The scientific approach helps a lot with sifting through a lot of equipment but in the end you have to listen to it for yourself. So for now I think there is no basis on buying on measurements alone.

BTW, I do not like cheap debating tactics. It is expensive to buy new speakers, buy an expensive measurements system to measure and have the proper room to be able to have a controlled environment in which the only variable is the speaker system. Demanding proof like that and at the same time discounting measured drivers is not the scientific method. The same can be said for the "proof". Were a lot of different speakers and samples tested? It should be about curiosity and investigation!
 
I appreciate the experiment, but what many people are saying in this thread makes sense. Because the nay-sayers have claimed 100 hours, showing data based on 3.5 hour usage will not convince them easily, especially when there are other experiments available online who claim to have seen a difference in FR after 100 hours of usage.

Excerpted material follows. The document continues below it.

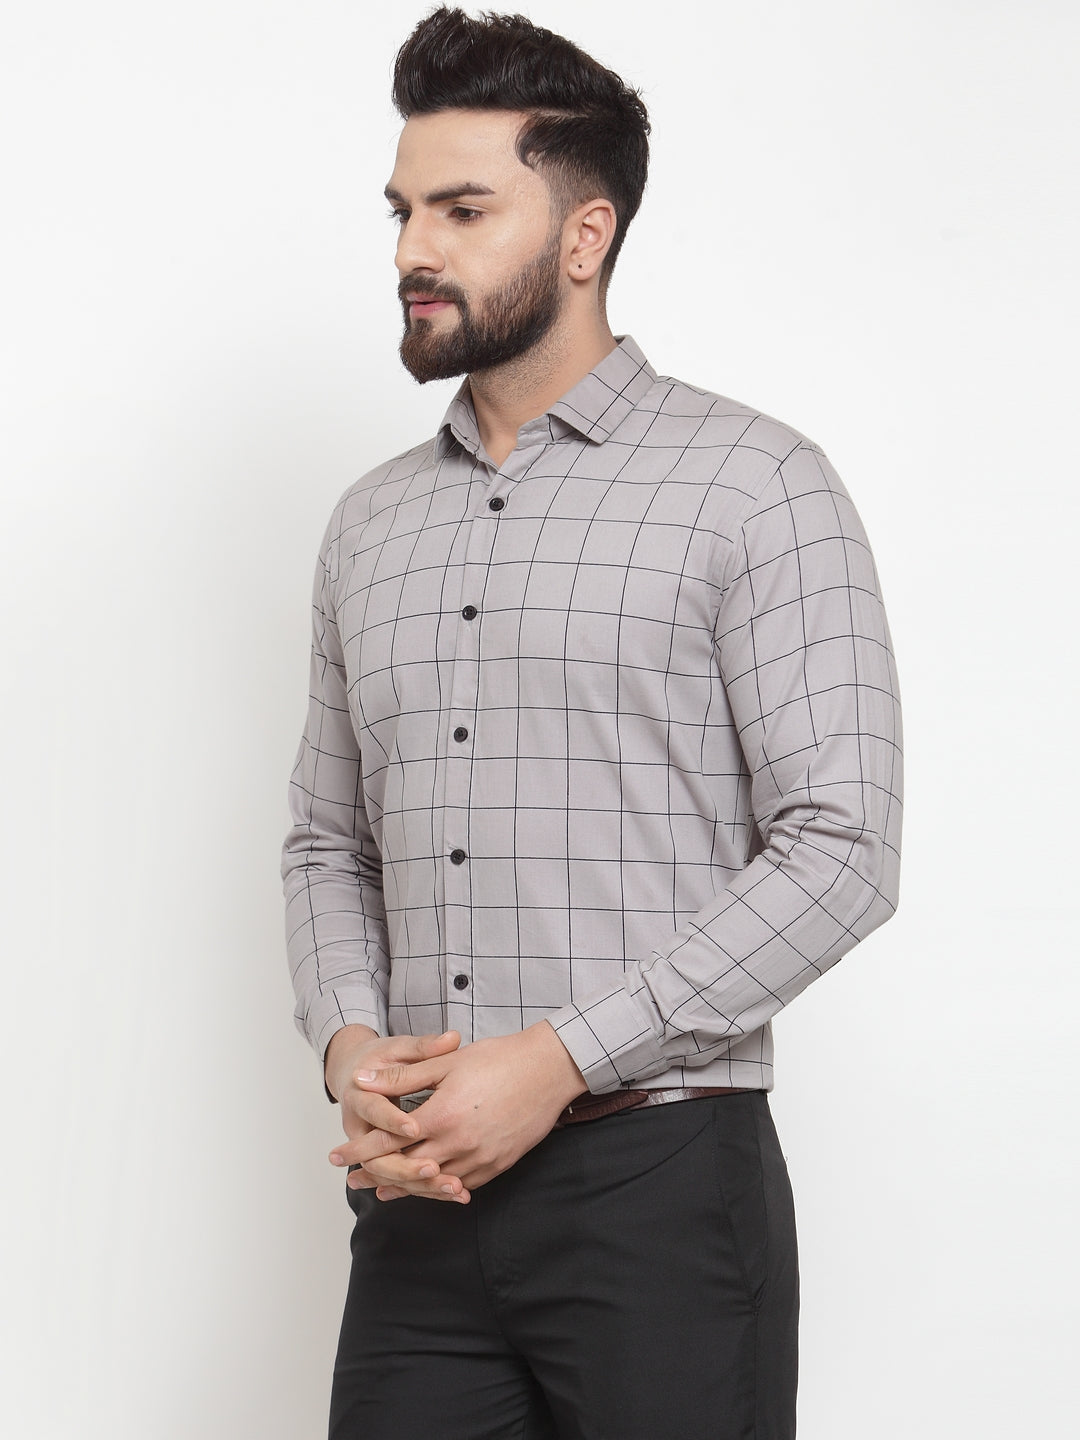 Men's Grey Cotton Checked Formal Shirts ( SF 742Grey ) - Jainish

I note you'll be repeating the experiment with another speaker set. Looking forward to that!
 
Maybe the speaker you received was already broken in by the company ;)

The only thing that gets break in are the moving mechanical parts that have leeway to do so. In a boxed speaker i highly doubt there is anything that would need that and even so its probably not even beyond an error range of measurements.
 
I tried to burn-in a couple of headphones when I got into the hobby. Never recall it making any difference. One thing that can make a difference is deterioration and softening over time of pads, that can lead to small changes in sound. I think this is caused mainly because either the pad gets softer and thus the driver is getting a little bit closer to the ear, or the seal around the ear changes so some low frequencies respond differently. That thing can happen over very long time of casual use. No reason to assume it makes the sound better, just a tiny bit different. If someone were to measure this, they would need to compare the same headphone when it was new to how it is at least a year of regular use later.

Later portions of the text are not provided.